[What is expected]
Beginning with the first line, return the material verbatim and without pictures.

[Supplied data]
*** Begin section ***

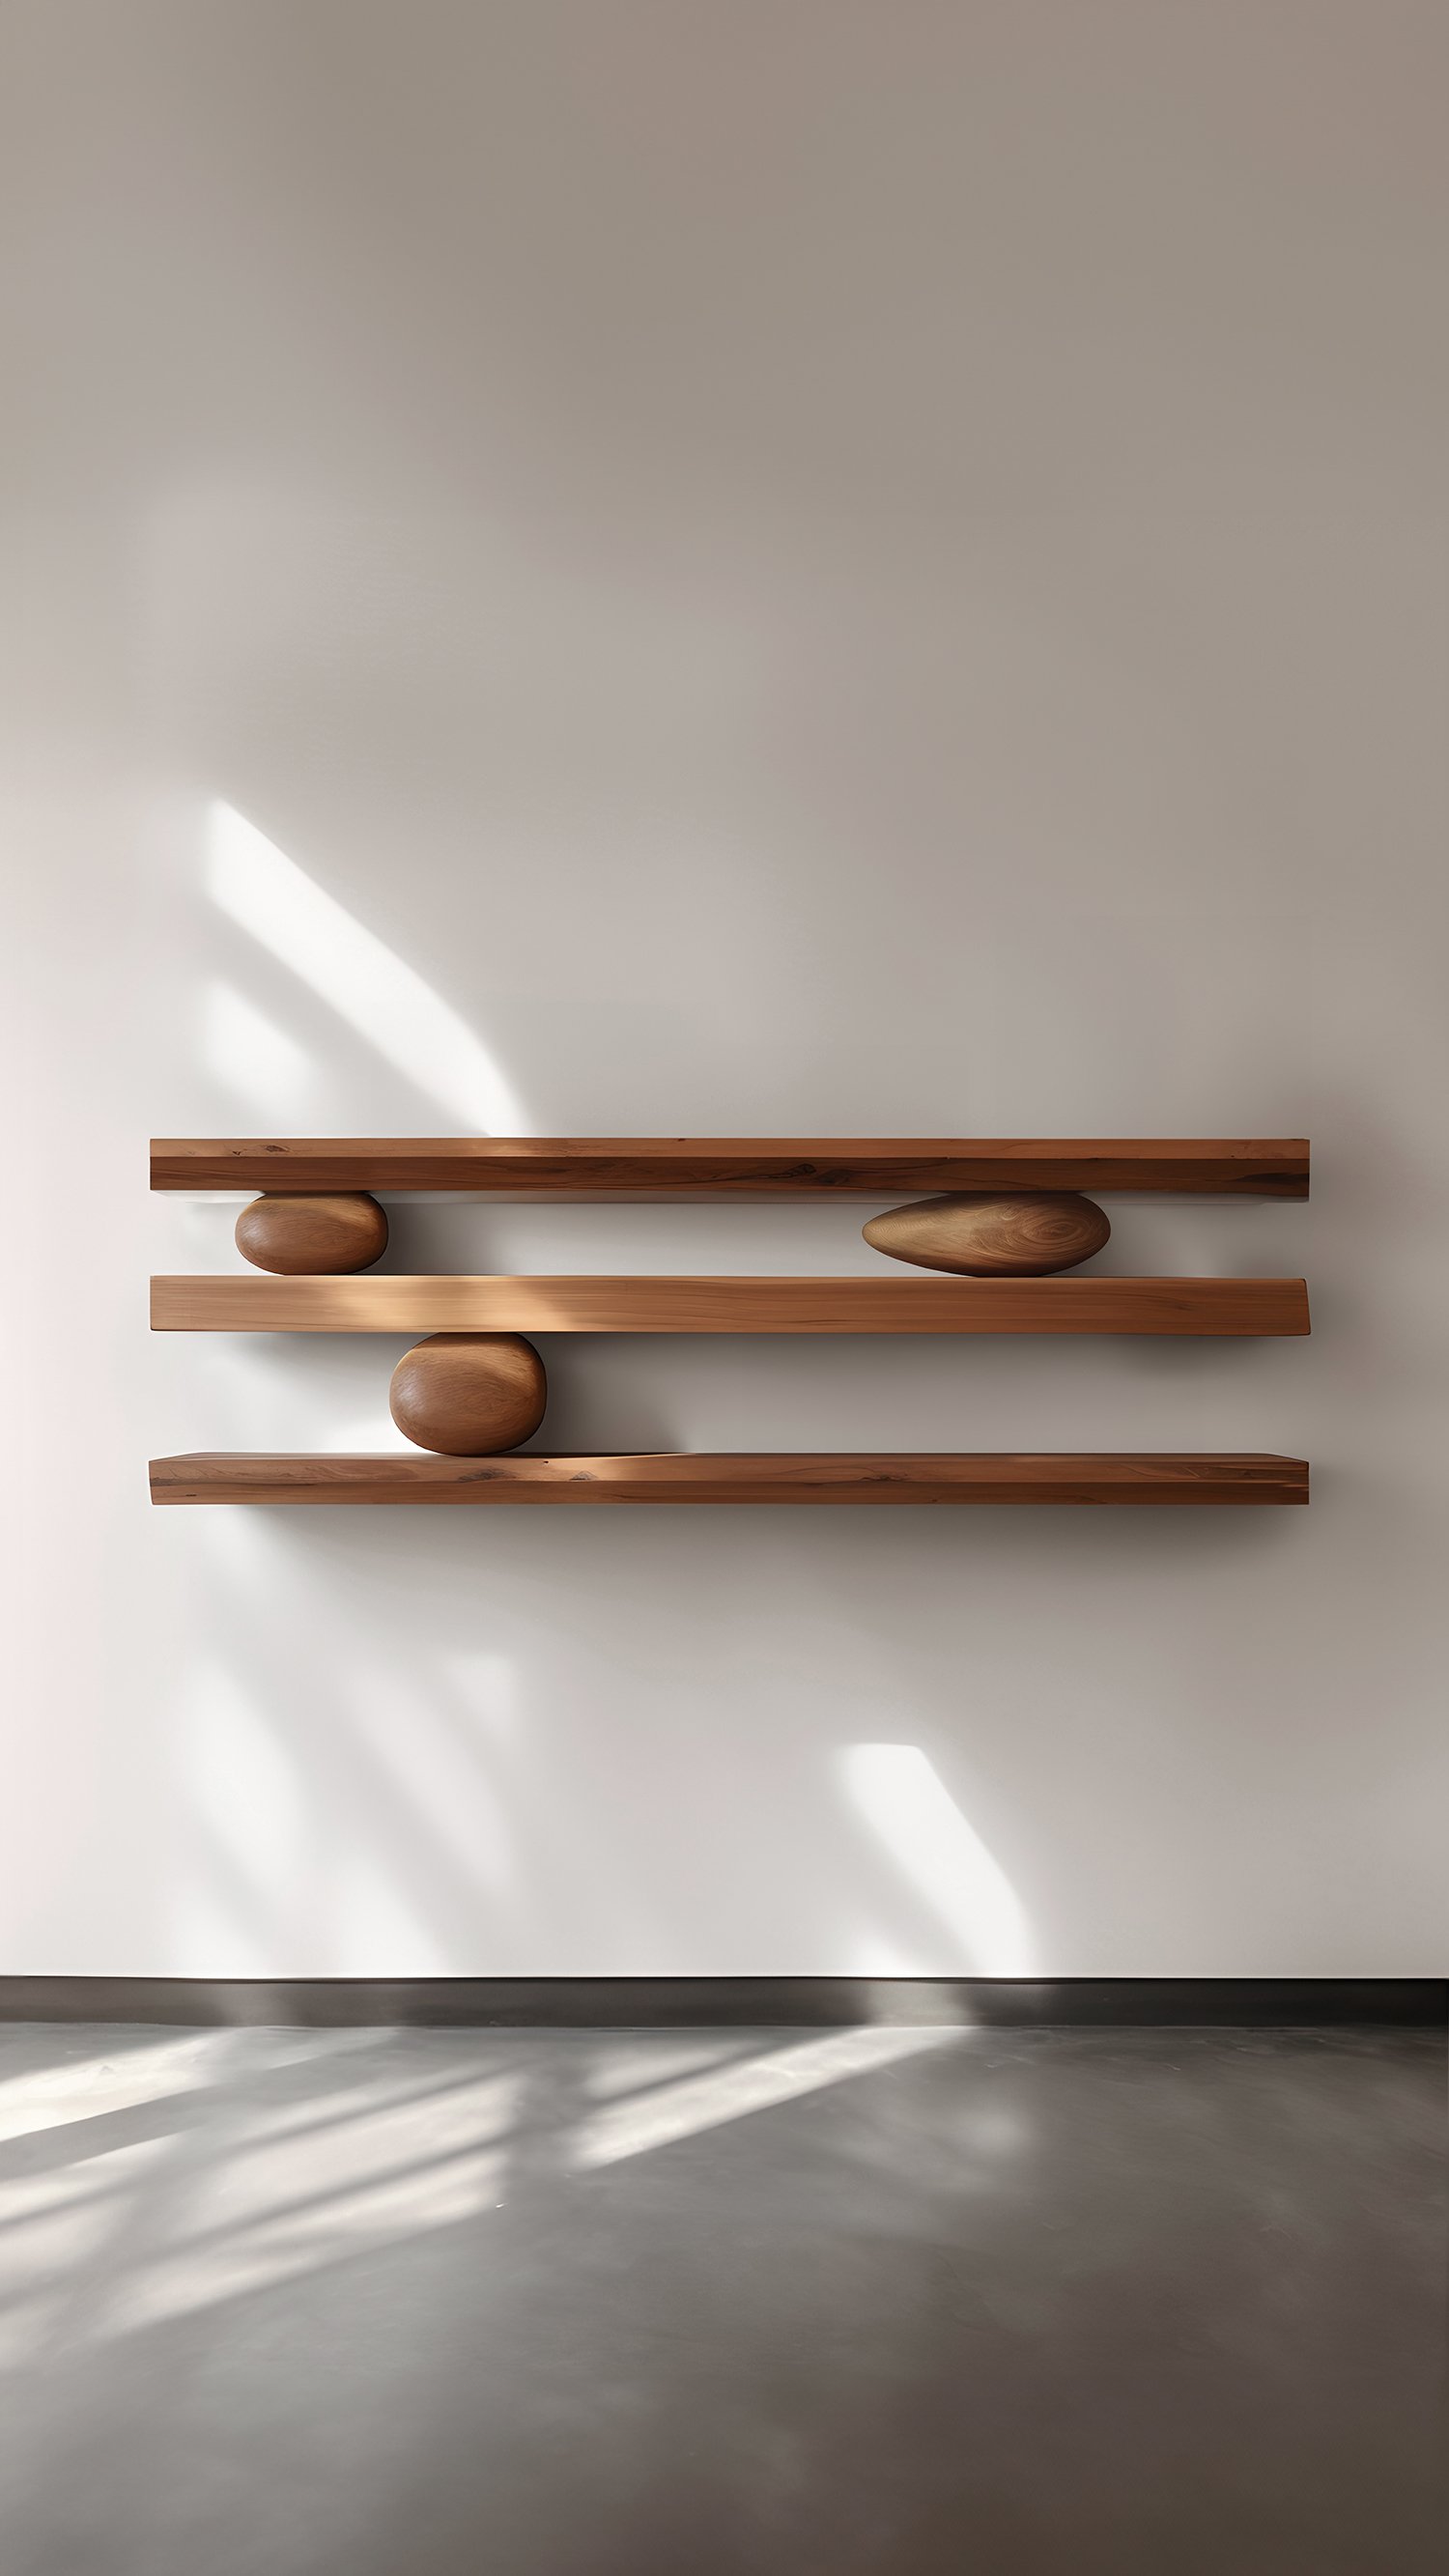 Set of Three Floating Shelves with Three Sculptural Wooden Pebble Accents, Sereno by Joel Escalona — 2.jpg
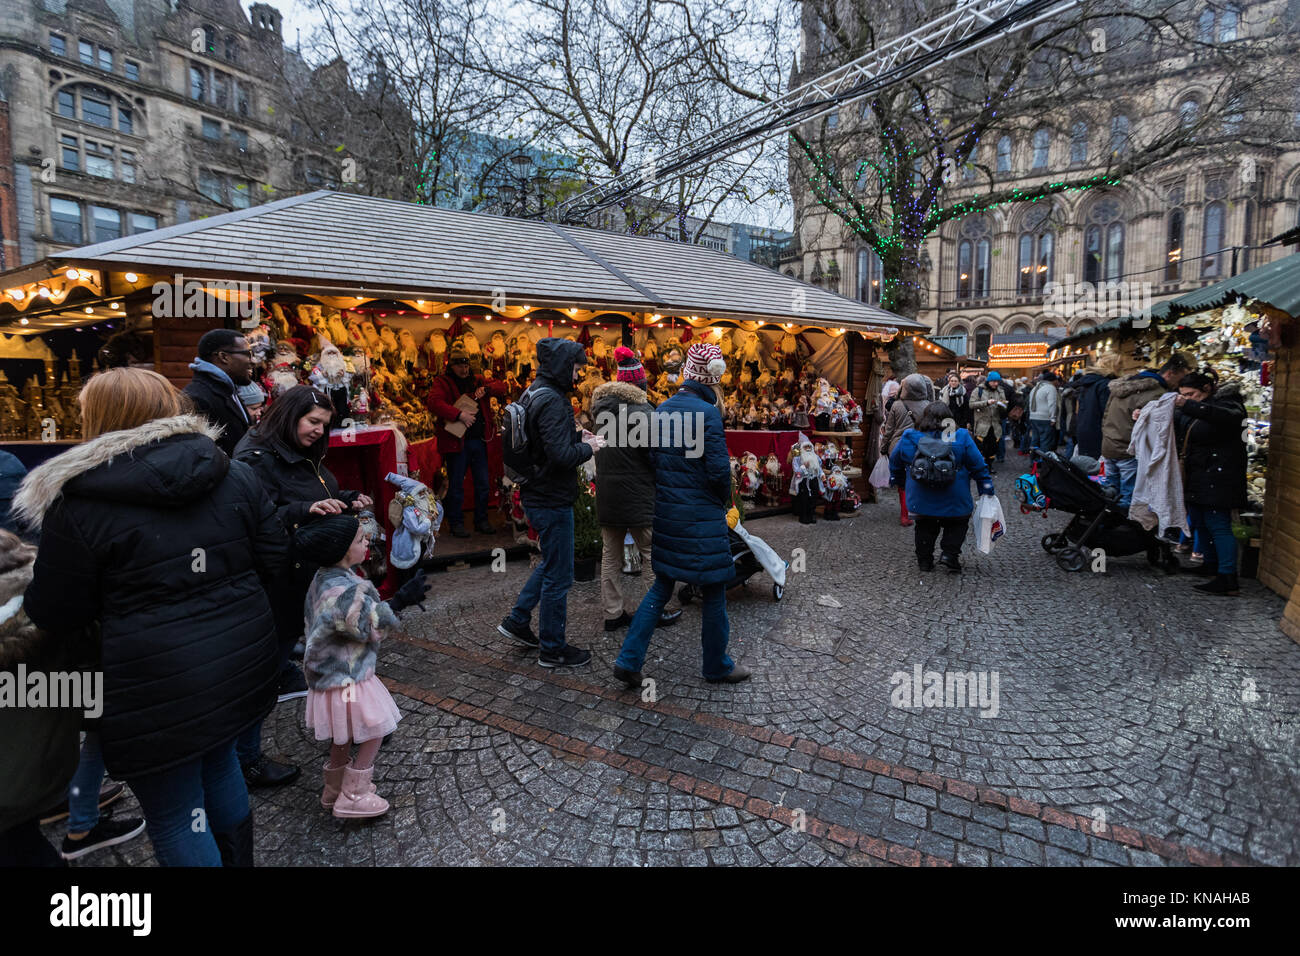 Shoppers And Revellers At Manchester Christmas Markets Around The City, Manchester, England, UK Stock Photo
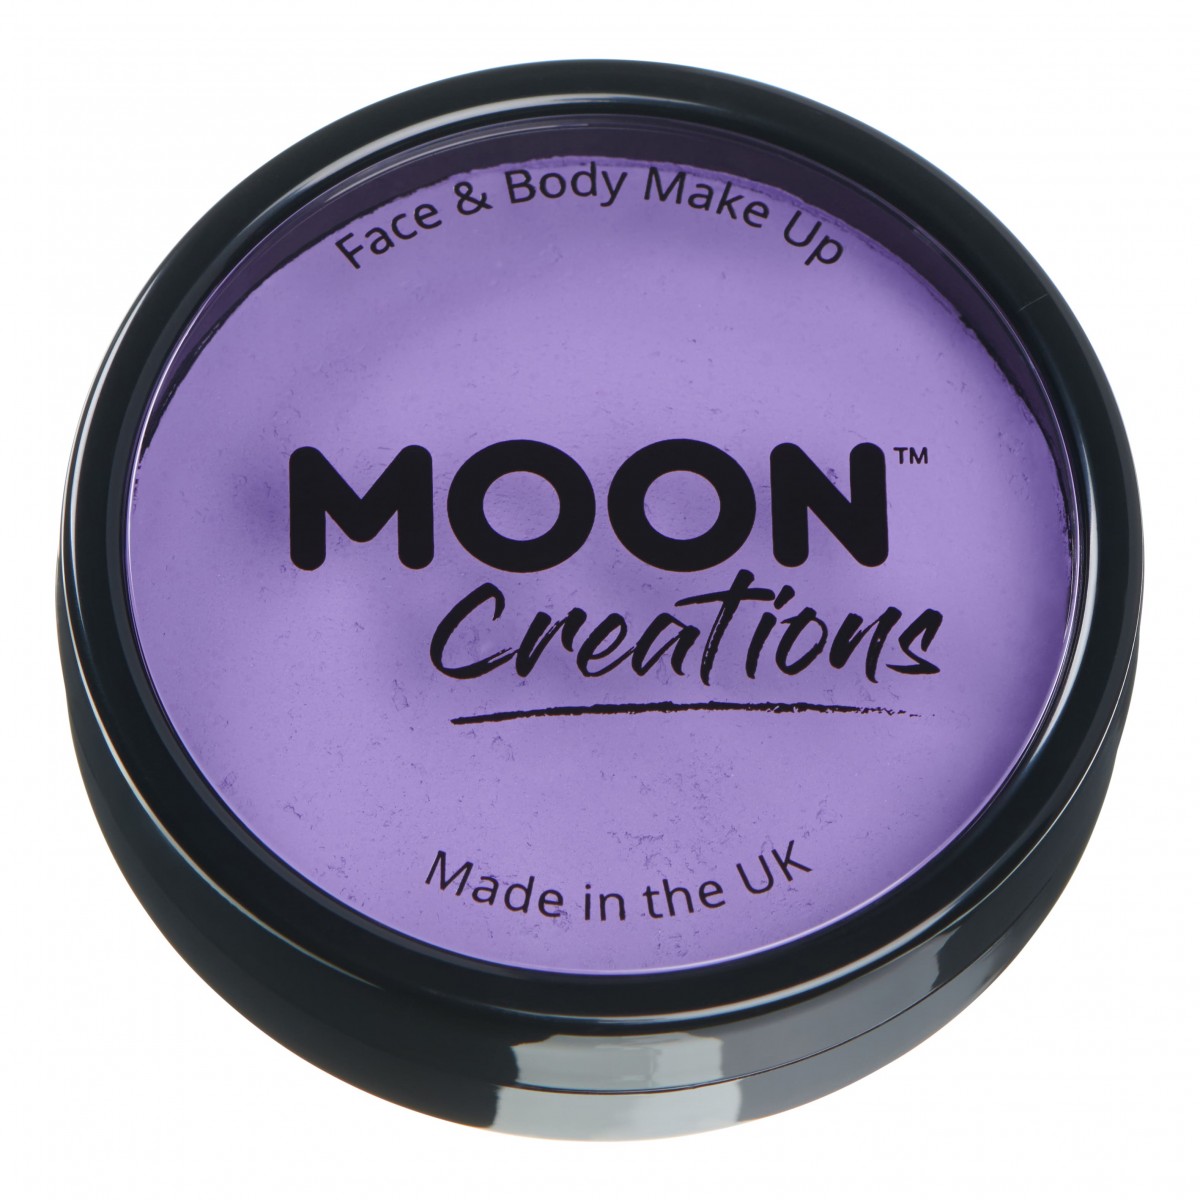 MOON CREATIONS C1 FACE & BODY CAKE MAKEUP LILAC 36g

*** End section ***

[Result for this exercise]
 Set of Three Floating Shelves with Three Sculptural Wooden Pebble Accents, Sereno by Joel Escalona — 2.jpg
 Shoppers And Revellers At Manchester Christmas Markets Around The City, Manchester, England, UK Stock Photo
 MOON CREATIONS C1 FACE & BODY CAKE MAKEUP LILAC 36g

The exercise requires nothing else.